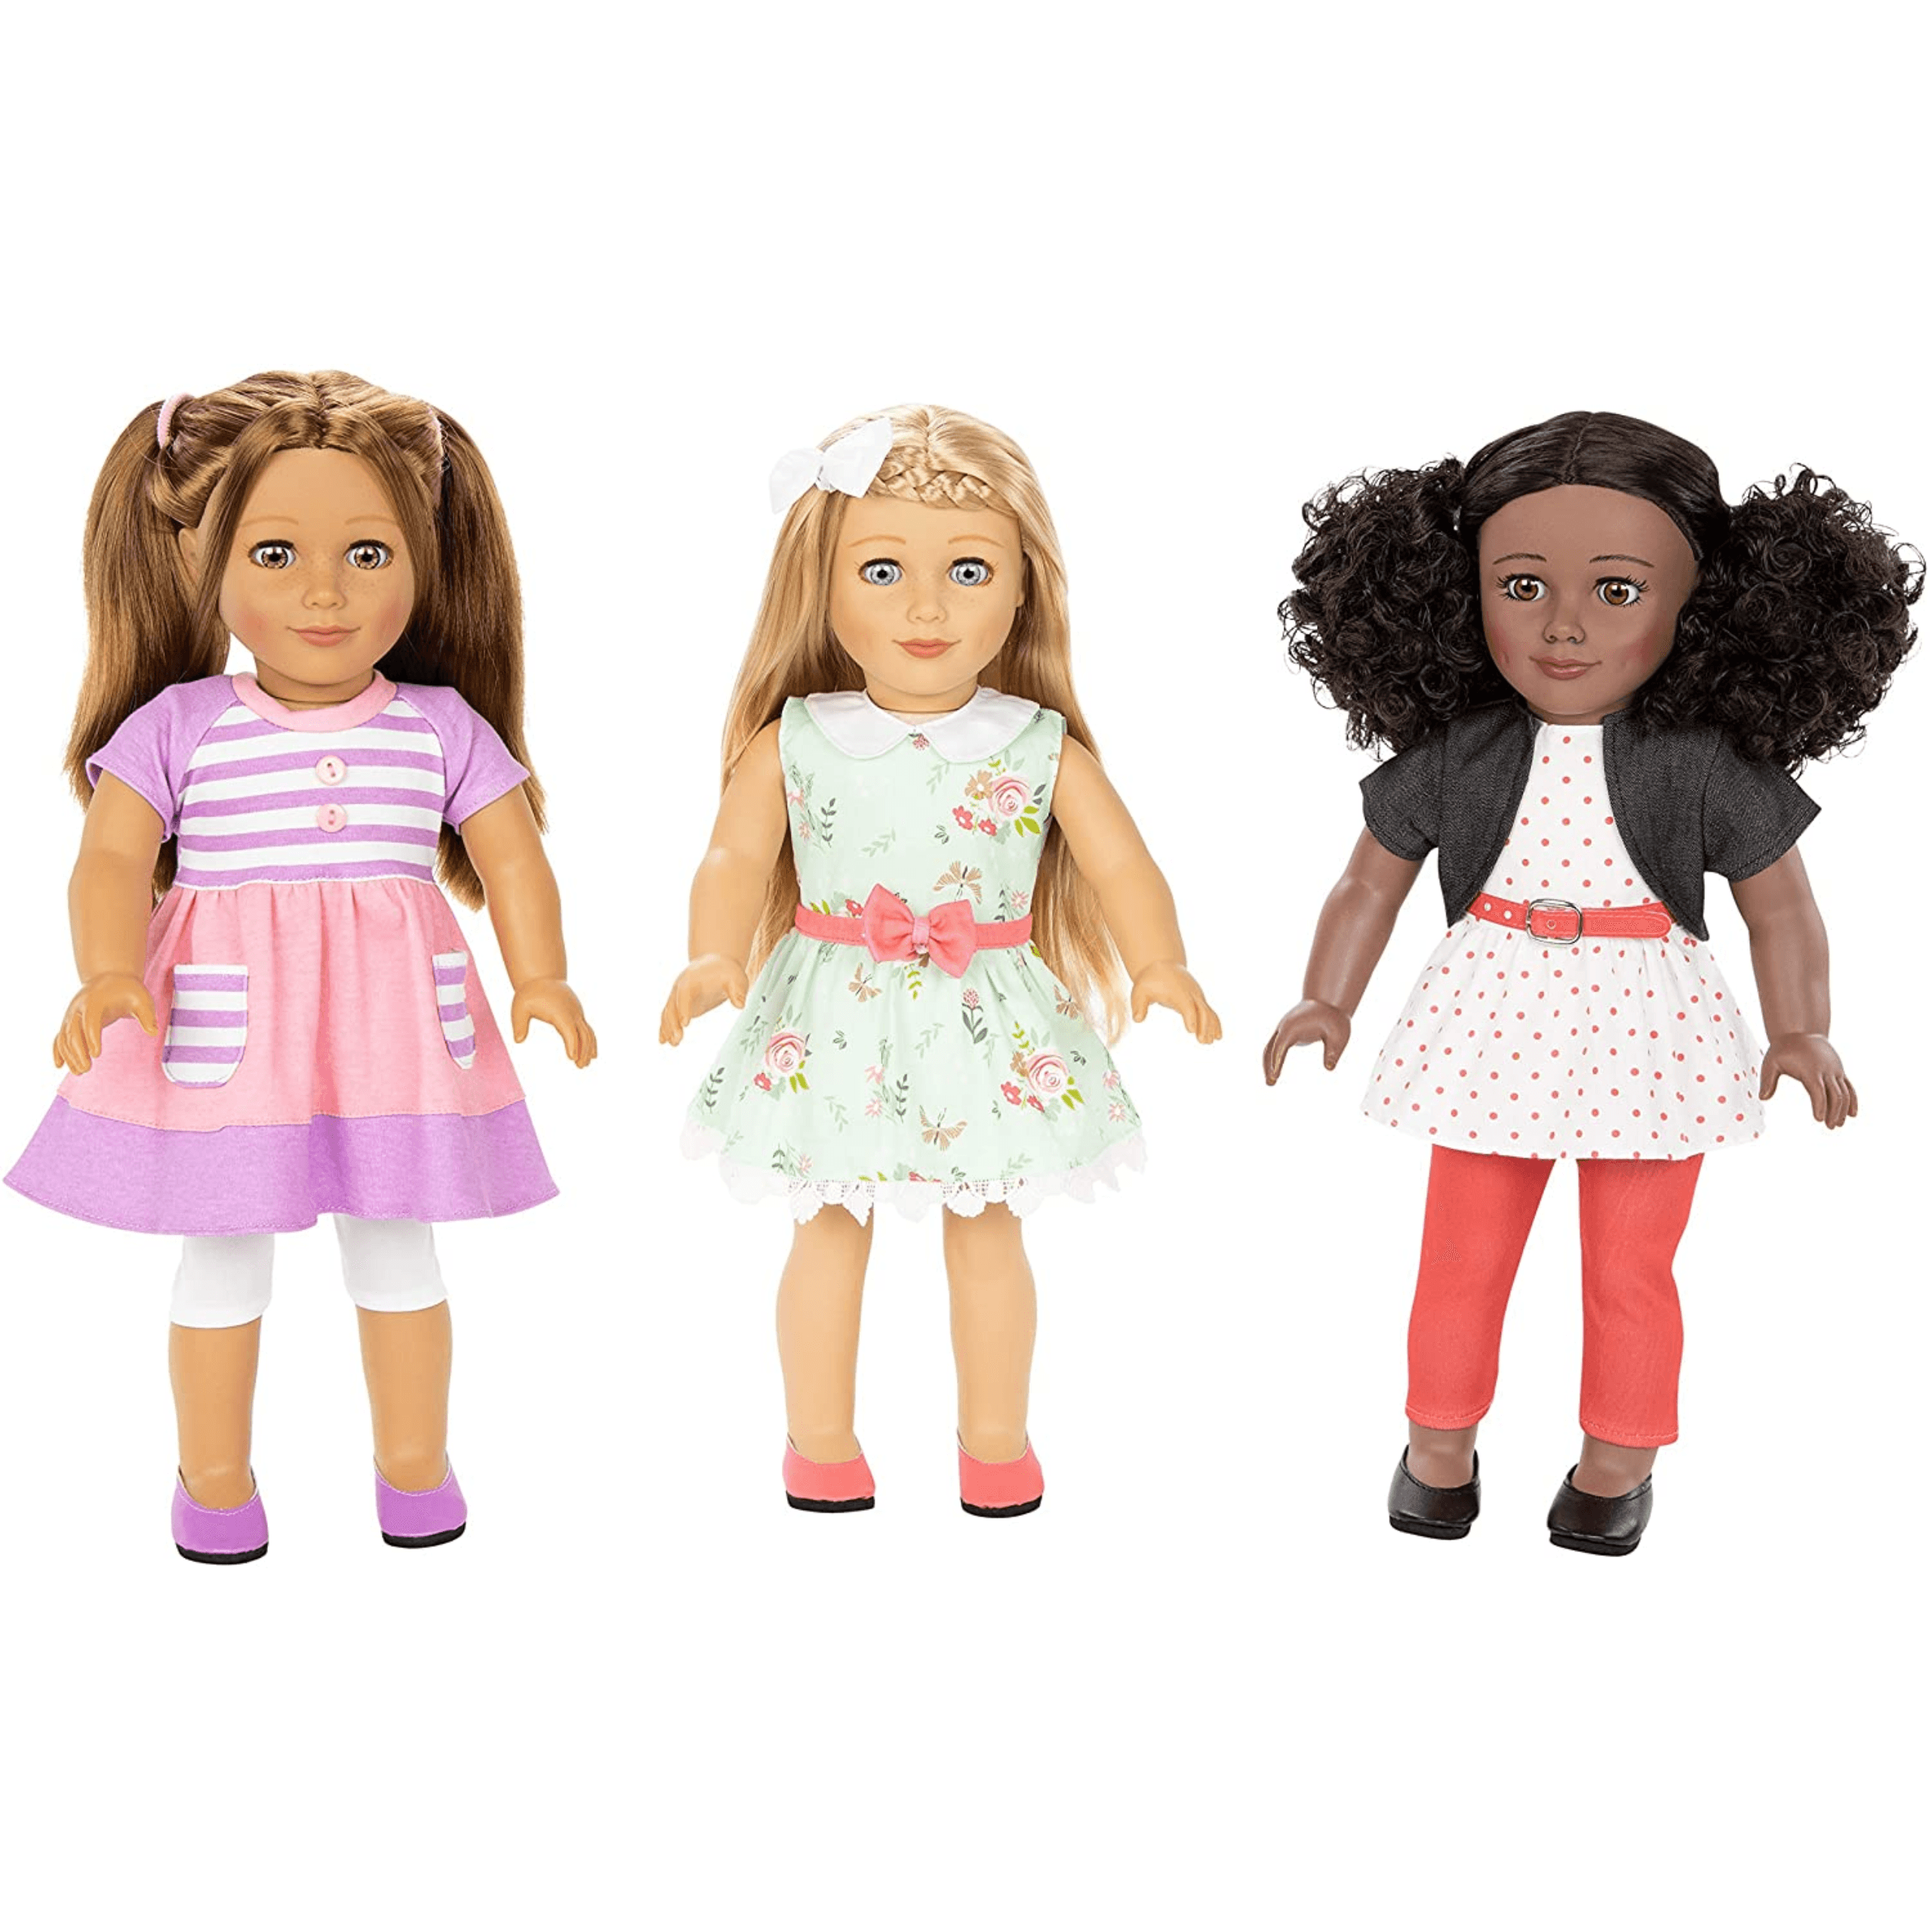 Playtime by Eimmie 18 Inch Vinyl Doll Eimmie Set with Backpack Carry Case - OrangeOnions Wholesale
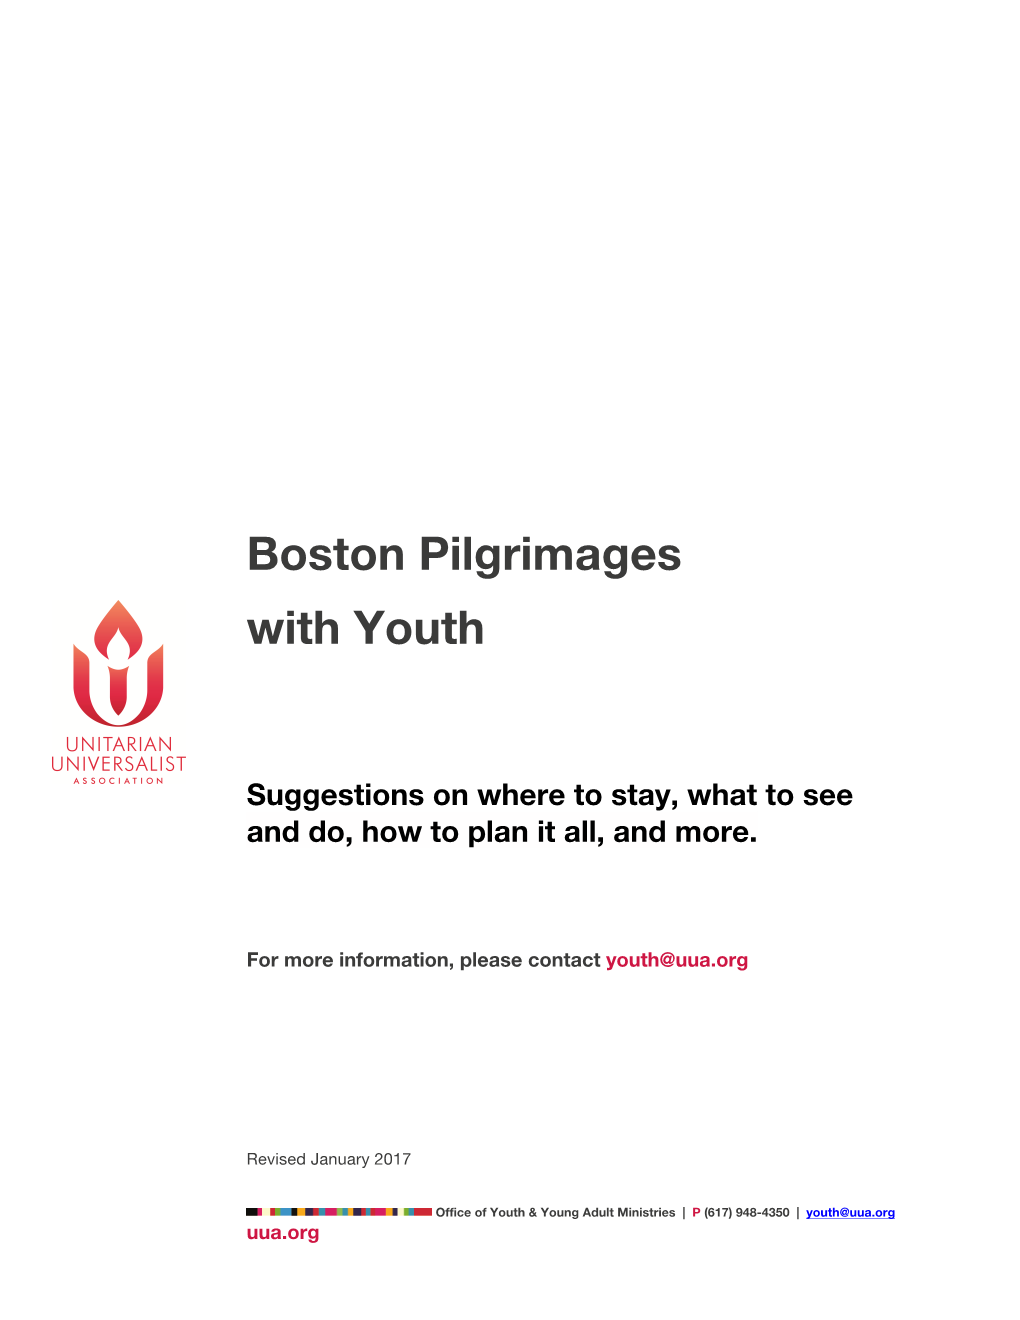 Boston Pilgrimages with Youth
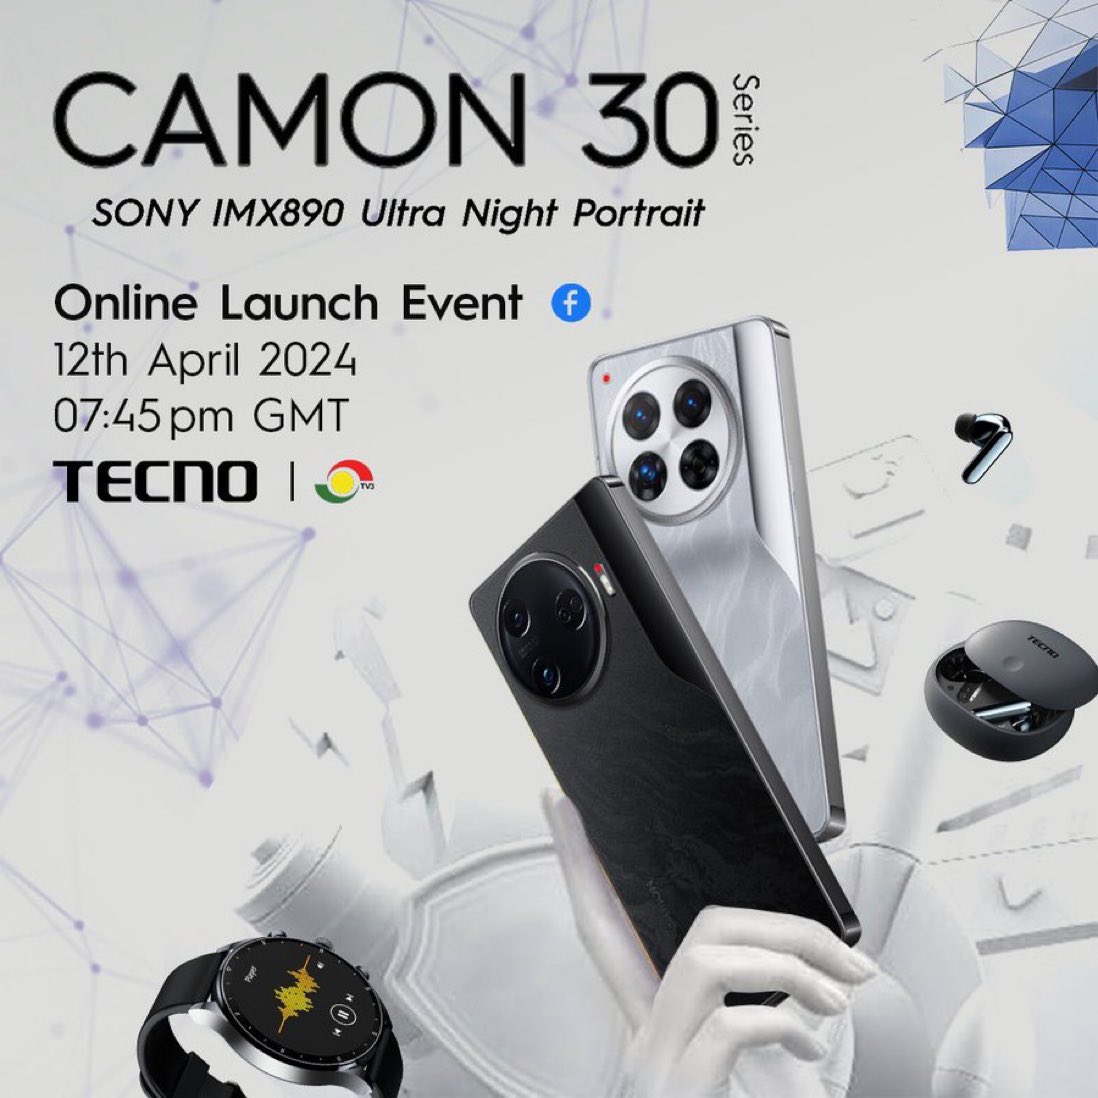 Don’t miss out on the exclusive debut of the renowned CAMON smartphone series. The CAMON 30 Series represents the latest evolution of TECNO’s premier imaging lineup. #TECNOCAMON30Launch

***

* What you are asked to do:
The whole listing above is to be printed again exactly; pictures stay out of it.

* Problem solution:
 Playtime by Eimmie 18 Inch Vinyl Doll Eimmie Set with Backpack Carry Case - OrangeOnions Wholesale
 Boston Pilgrimages with Youth
 Don’t miss out on the exclusive debut of the renowned CAMON smartphone series. The CAMON 30 Series represents the latest evolution of TECNO’s premier imaging lineup. #TECNOCAMON30Launch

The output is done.